I propose that it is crucial to appreciate each of the cultures so that one can receive and engage expertise that comes in many different forms and can operate effectively within and among each culture. With this openness to multiple sources of expertise and with knowledge and appreciation of the diverse cultures, one can also more effectively influence and improve the quality of change that is required in contemporary organizations. With this sense of appreciation, each culture and each source of expertise can become a force for improvement rather than destruction in our organizations. Each new source of expert perspective and practice and each culture can contribute to the learning of leaders rather than reinforcing limiting and inflexible assumptions about the nature and direction of the enterprise in which these leaders are engaged.

Professional Culture

The primary vehicles for containing and eliminating anxiety in the professional culture are the demonstration of wisdom and credibility on the part of the coach. If she can exhibit extensive knowledge of the specific type of business in which her client is working or if she can exhibit a broad-based knowledge of how organizations work and how leaders lead, then her client is likely to feel more at ease and less vulnerable to the leadership challenges that he faces.
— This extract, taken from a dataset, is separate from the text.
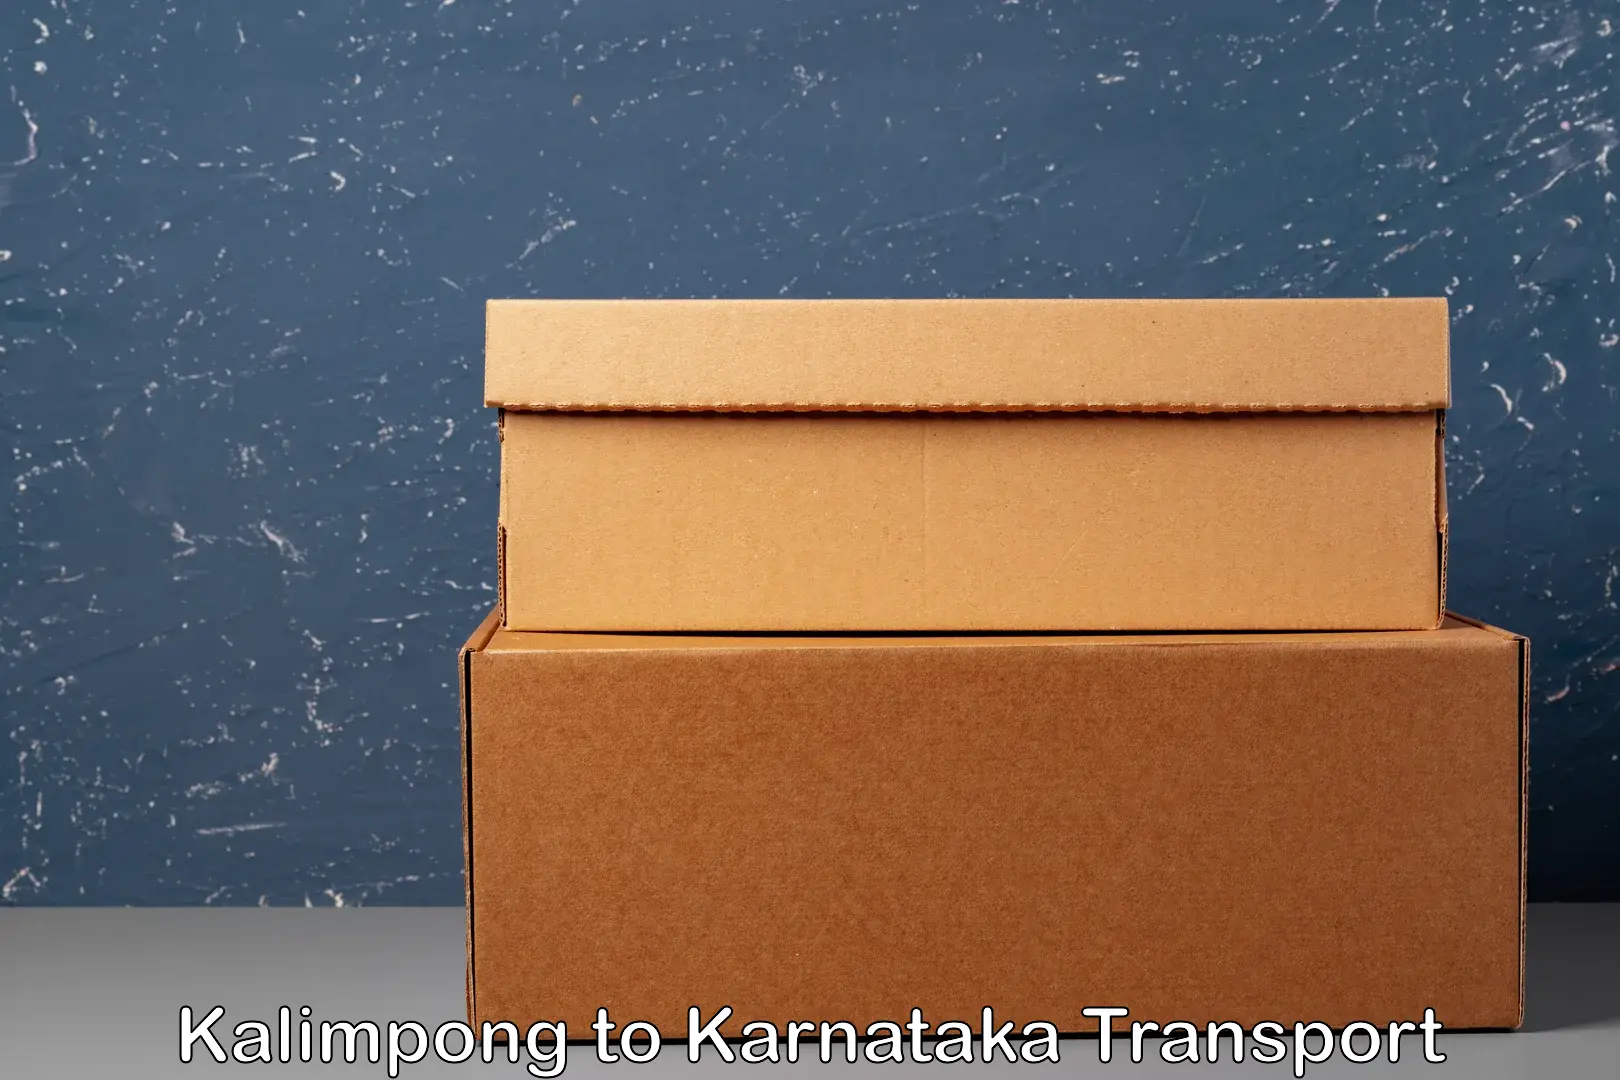 Truck transport companies in India Kalimpong to Karnataka

Even without this knowledge, a coach can be of great value to her client if she can assist the client in finding and evaluating the validity and usefulness of specific sources of expertise. If a coach can show that she is credentialed (such as ICF certification) or if she can relate her client’s leadership issues to a specific theory (e.g. model of leadership) or specific expert-based research findings (e.g. leadership competencies) then she gains credibility with her client and is likely to be influential in her coaching interactions with him.

Managerial Culture

When a leader and coach interact under the auspices of this culture, anxiety is likely to be contained and eliminated if the coach can provide services (or recommend services) that yield measurable results – the leader improves her performance in a specific way (such as being able to increase revenues in her department by 30%). The successful managerial coach is often himself an “expert” on matters related to measurement (such as return-on-investment). Measurements and categorizations are often an antidote (even if temporary) to anxiety.